Brad is building a “sex chalet” on the second story of his shop. He just put a king bed up and he will put suspension cables on the ceiling. I’m thinking of putting my spanking bench, sex swing and St. Andrews Cross up there too. Originally I was going to put that in my garage but if you could see my garage right now. Ugghhh.
I haven’t been up there yet. I need a certain level of comfort and femininity and I’ve seen the bottom of the shop. It does not scream sex chalet, but I’m excited to make it into a perfect little sexual oasis.
It was something he mentioned in passing one day and I wholeheartedly agreed it was a great idea and now he’s making it happen. I do love his gumption. Truthfully we both do tend to be loud and get carried away and he has his daughter in the house only a few feet away from his bedroom.
I just wonder about our lives and belongings become more enmeshed. Truthfully I have very serious commitment issues. I can begrudgingly acknowledge that. Even the men I had previously (supposedly) wanted to marry I broke up with many times. Mostly because I didn’t realistically see what I thought I needed to see in them and in our relationship to cross that serious line.

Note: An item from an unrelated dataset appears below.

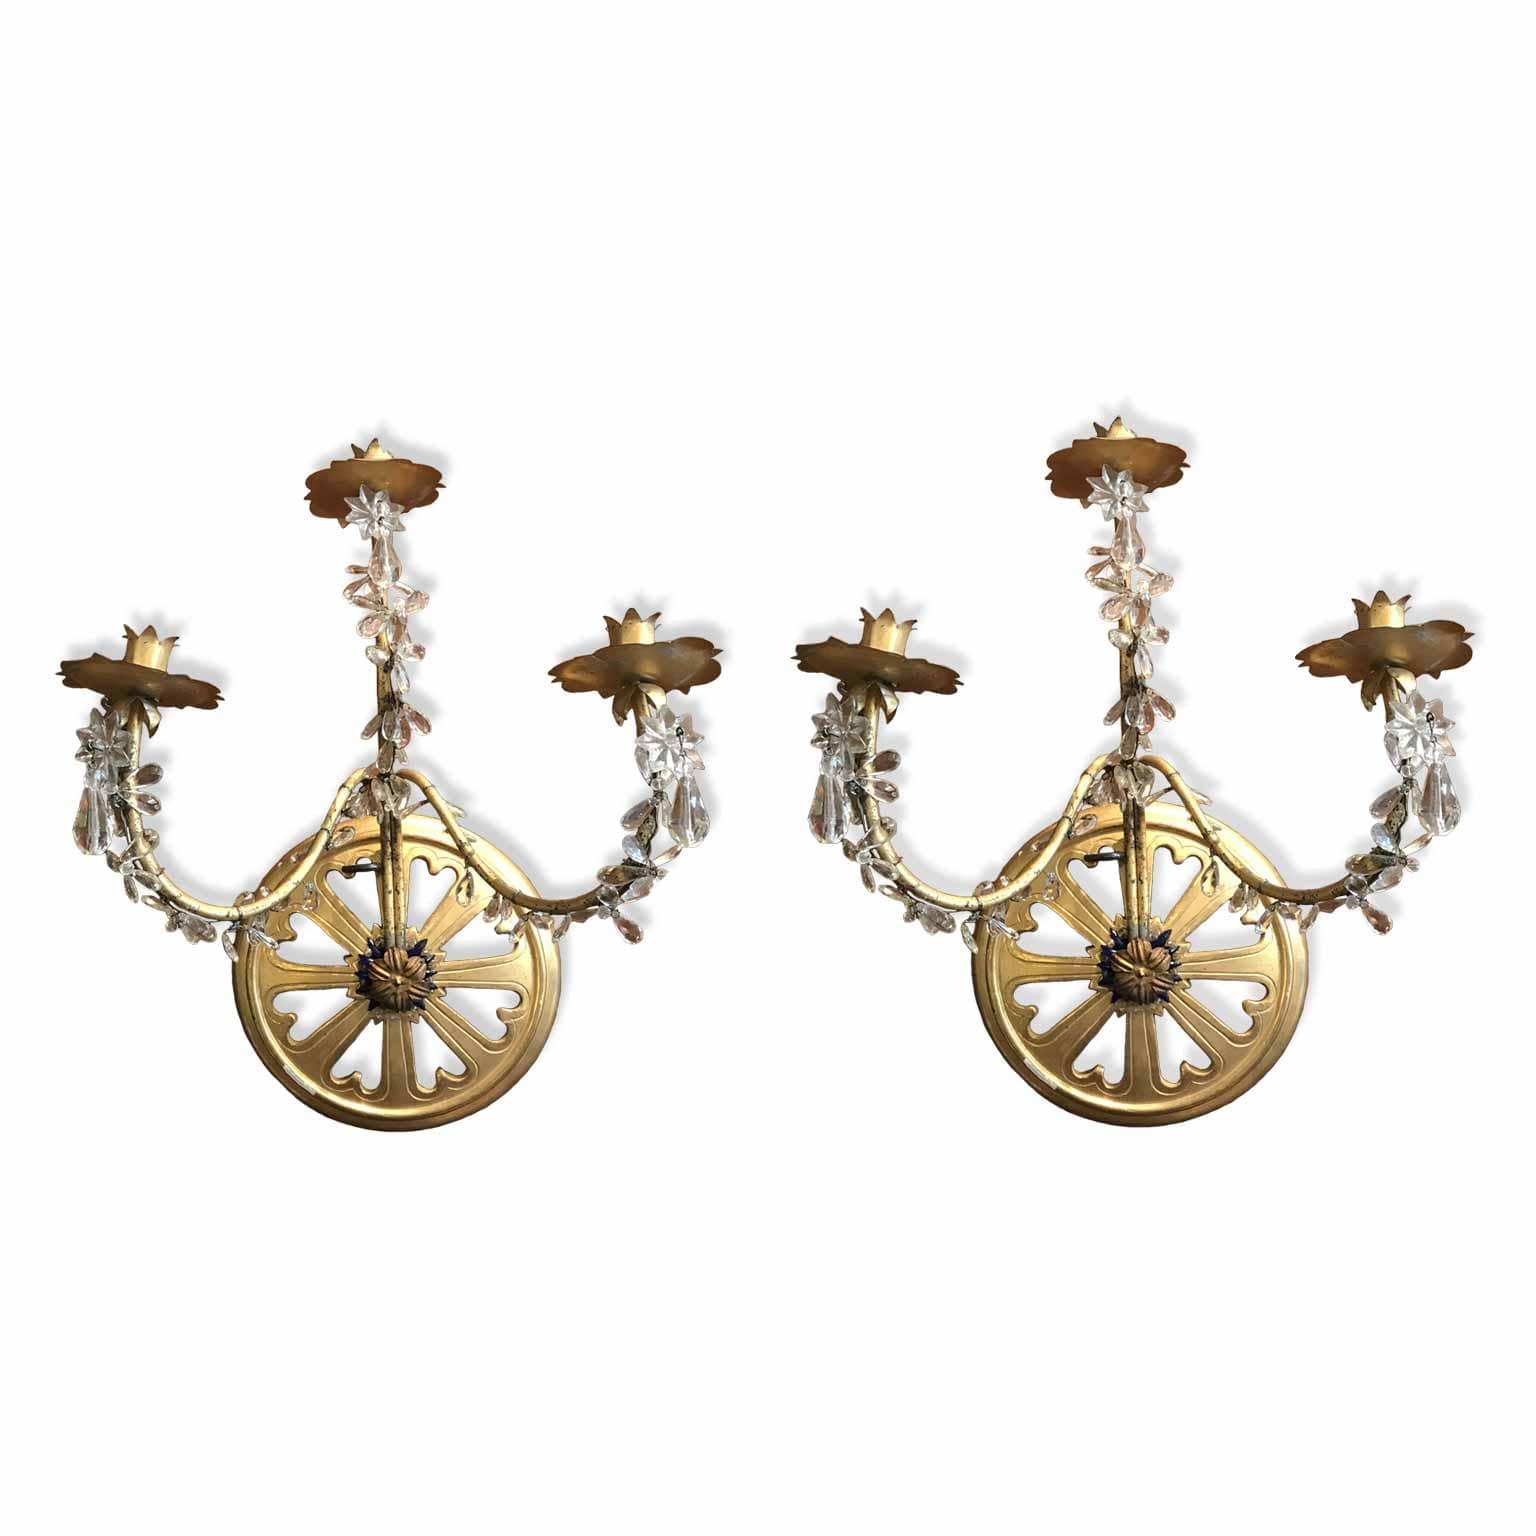 Coppia di applique antiche dorate a 3 fiamme da for Arredamento classico lusso

Brad is a very sensitive and emotional man. I really feel I have to do things intentionally with him. I have to be very careful with his heart. Not just because he has eluded very clearly that he “can not live without me”, because as much as I do believe he means what he says I will not be pigeonholed into anything I don’t on some level truly want to do; but because I sense that he would do anything I ask of him. Absolutely anything; and that is a huge responsibility and one I don’t want to ever take lightly.
I am glad I am who I am and I wonder seeing how he loves…. how he even survived this long with his heart intact and thinking of all the abusive women he has interacted with I can see how things ended up how they have for him. But this does not excuse him from having to do the work of a real relationship. This much he isn’t that familiar with. He is used to giving freely and to giving in to women and he is capable of standing firm when pushed against a wall, but he is not all that familiar with compromising. With communicating and reaching an amicable meeting point when things get difficult. He tends to retreat and paw like a scared animal.
He is so witty and fun and he can read people quite well not to mention his brilliant mechanical aptitude, but he is emotionally a bit immature. It’s fine. Everyone has their strong suit. It’s just that emotional maturity isn’t always my best talent. By necessity it has had to be something I have worked hard to achieve; as part of the stability I strive for with my children but left to my own accord I’m more akin to a selfish adolescent. At least my ego would have it that way. Reality can not indulge that side too often though unfortunately. 😒
Emotion maturity has been credited for determining ones career and life success much more than ones intellectual capacity.
Am I over analyzing this? I don’t know.
It’s a weird double edged sword. I hate being alone and I deeply crave sex, touch and intimacy. I find a man who indulges me and who makes me feel loved, adored and pampered and I can’t seem to get out of my own way enough to fully embrace it.
All things reveal themselves in time. One foot in front of the other. One moment leading to the next. Why worry about it? I’ve got a sex chalet to help coordinate.